LES CHALEURS D'ABIDJAN

Il pleut sur Abidjan.

J'ai vu de ces choses durant ces quatre derniers mois, je n'ose même plus y penser. J'ai vu de mes yeux des têtes égorgées, des familles abattues... J'ai vu une mer de sang inonder les foyers de ma nation. Je ne reconnais plus mes frères, je ne reconnais plus mes sœurs. Les séquelles de ce coup d'état injustifié n'ont laissé que souffrance et méfiance. J'ai vu des gens injustement condamné. J'ai vu et compris que la politique au même titre que la démocratie n'est rien d'autre qu'un concept tournant autour de la loi du plus fort, du plus avide de pouvoir, du plus corrompus. Nous, le peuple, ne sommes que pions dans un jeu écrit d'avance... Mon cœur saigne et je ne sais même plus comment appeler la main de Dieu. Personne ne comprends ce que demande une telle situation. La force, la maîtrise de soi... D'être dépourvu de tout ce que l'on considère moralement, émotionnellement essentiel... Ne plus pouvoir travailler, aller au supermarché, ne plus pouvoir s'asseoir contre son palmier, son cocotier préféré...

Quand on vit dans la peur d'un coup d'état, même chez-soi on n'est pas en sécurité. Ils nous ont dérobé notre joie, notre sérénité... Ils nous ont retiré la Côte-d'Ivoire qu'on connaissait, l'ont déchirée pour la gouvernance d'une institution indépendante qu'en théorie. Avant ce drame, je ne comprenais pas la Côte-d'Ivoire. Je ne comprenais pas Abidjan. J'étais persuadé que la beauté de ma terre était dans les paysages, dans les nuits étoilées... Dans des éléments parallèles à la réalité des choses. Je vous parlais de plages, de boîtes de nuits...

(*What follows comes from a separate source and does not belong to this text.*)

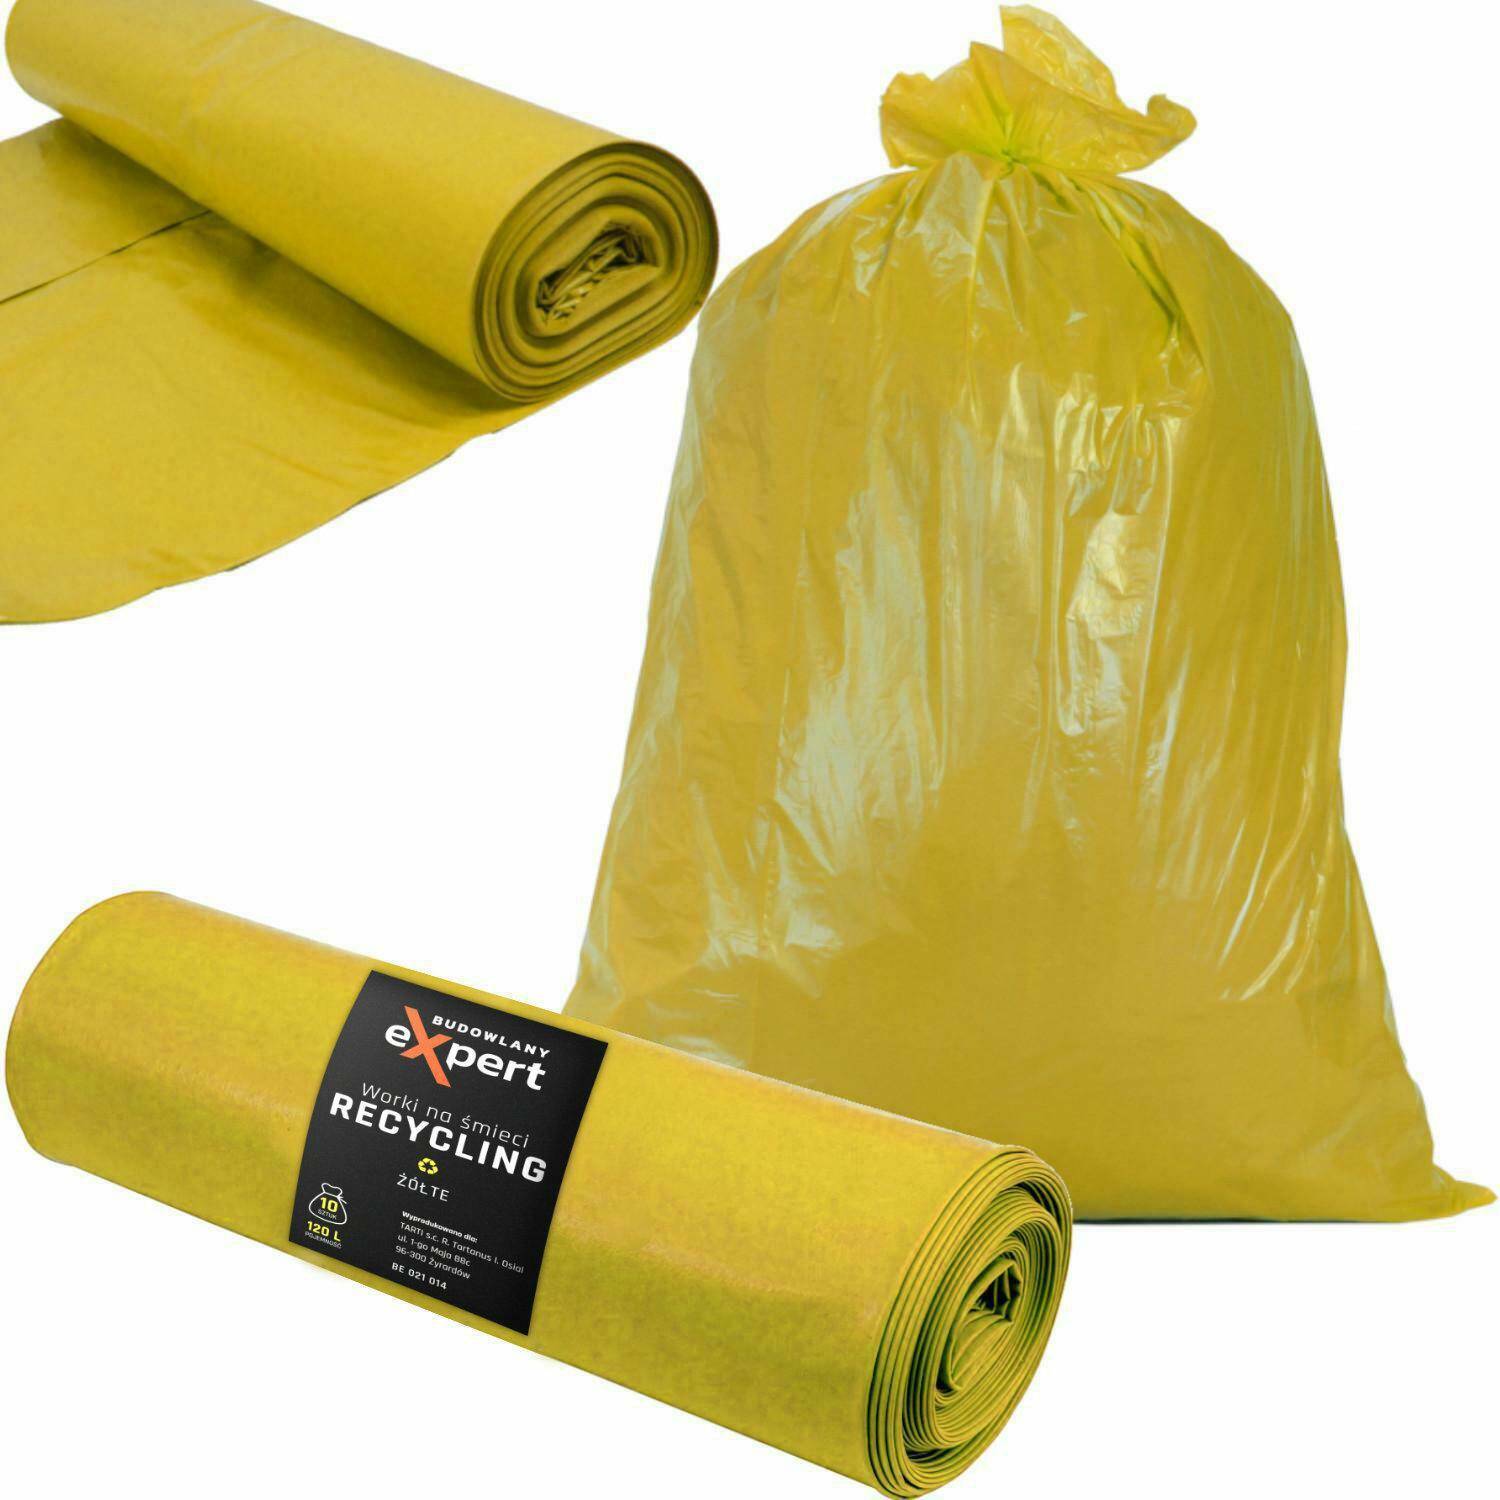 BE worki na śmieci RECYKLING żółte 120L

Ce qui fait la chaleur d'Abidjan, c'est son peuple. Nous. Ce qui faisait la chaleur d'Abidjan, c'était le peuple. Mais aujourd'hui, il pleut sur Abidjan. Aujourd'hui la Côte-d'Ivoire est découragée, traumatisée. Et la peur nous a tellement tétanisé, qu'il n'y a personne pour se révolter.

J'ai vu une enfant mourir d'une crise cardiaque suite à des crises d'angoisses à cause des coups de feux incessant. Elle a rendu l'âme dans mes bras alors que je lui demandais de respirer.

Je le redis, personne ne comprends ce que demande une telle situation. Ils nous ont tout pris. Assis sur leur trône présidentiel, ils nous ont arraché la chaleur de nos coeurs pour ne laisser que la peur. La peur.

J'ai peur quand on condamne un citoyen sans preuve. J'ai peur quand on rue de coups un homme accusé injustement de crimes non-prouvés. J'ai peur quand on le jette en prison sans procès, j'ai peur pour ce Alexander qui n'a pas eu son mot à dire dans cette conspiration qu'on lui a craché au visage.

J'ai peur. Dieu seul sait combien j'ai peur.

Il pleut sur Abidjan, il pleut sur mes joues... Il pleut dans mon coeur.

Que le Seigneur bénisse la Côte-d'Ivoire.